何稚晚喜欢夜晚,城市的霓虹往往会无限放大一个人的孤独。
就在站上天桥的前一秒,何稚晚刚刚结束一场朋友聚会。灯红酒绿的光影里,她努力适应着夜晚的热闹。敏感的人在一个没有安全感的地方,连笑都小心翼翼。就在适才,还有一个男人悄悄递过手机,轻声问道:“小姐,可否留一个联系方式?手机号或是微信都可以。”

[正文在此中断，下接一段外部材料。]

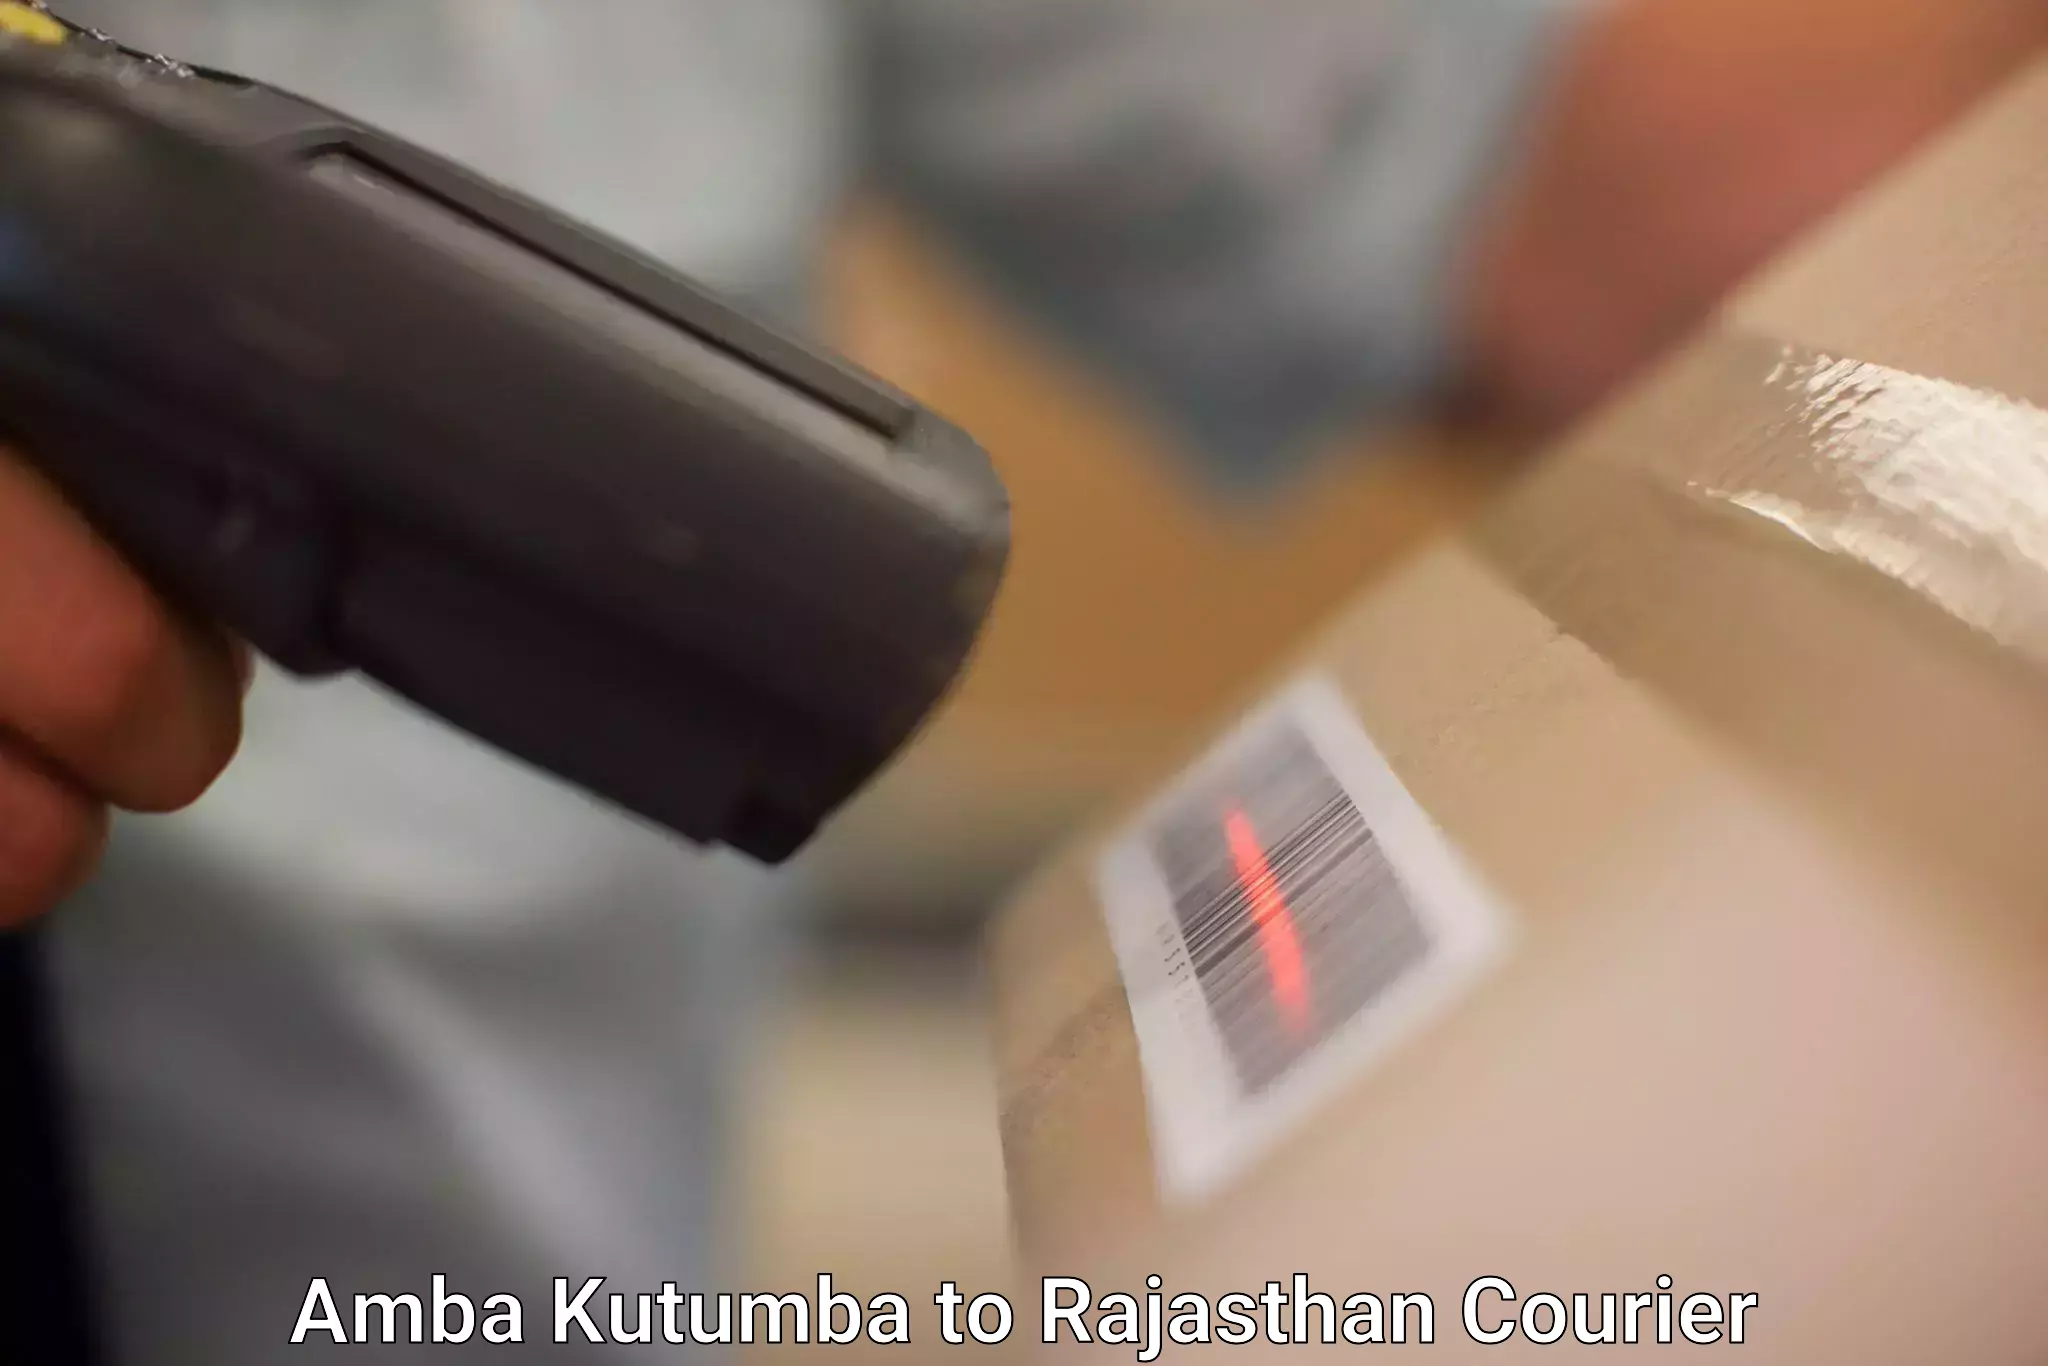 State-of-the-art courier technology Amba Kutumba to Deenwa

这个年代什么事似乎都变得简单了,交朋友也只需要一个二维码。
对于这种突然出来要微信的人·,何稚晚早已少见多怪。可是当她看到那男人给的是电话联系人的界面时,突然来了兴致。她抬头直直盯着男人的眼睛问:”微信不是更方便吗?“
男人的眼神没有丝毫闪躲,“你不一样。”
“哪不一样?”
“像太阳。“
人们为什么喜欢太阳,因为人,是向暖的生物。我们惧怕着寒冷和黑暗,所以我们向着太阳无比靠近。
何稚晚不知道那个男人为何这么说,或许这只是撩的一种方式吧。但是太阳一词,却扎在她的心里。这太阳不就处身寒冷而黑暗的宇宙嘛
看着天桥下的车流匆匆而过,何稚晚突然有些羡慕,羡慕他们都有归宿。
就像小时候,陪伴小山村寒冷夜晚的,是空旷的田垄和映着远方霓虹的天。而她幼时的梦想就是去看看外面的霓虹,最好是可以有一个温暖的小房子,傍晚夕阳从落地窗洒满整个房间,晒了一天的衣服存留在阳光的味道。
养只狗,养只猫,爷爷爱喝酒,奶奶爱听戏
有人问,为什么没有爸妈
她说,还未找到
十年后,她找到了爸妈
二十年后,她在北方有霓虹的城市落脚了
可是每到一个人的夜晚,她才想起,原来自己如此孤独。
天堂的酒,也不知道爷爷喝的是否舒心。她在朋友那淘到很多戏曲的老式碟片,一个人窝在家里,一听就是一下午,恍惚间觉得奶奶就在手边,伸手摸到却是早已凉透的茶盏。
我们在长大,生离死别也在长大。
何稚晚拿出手机,发了一条朋友圈:‘’对于人间我有点失望.“
人到夜晚,情绪总变得脆弱。午夜的朋友圈,都是经过深思熟虑后的悲哀,自己会流泪,旁观者会沉默。字里行间的故事,如人饮水,冷暖自知。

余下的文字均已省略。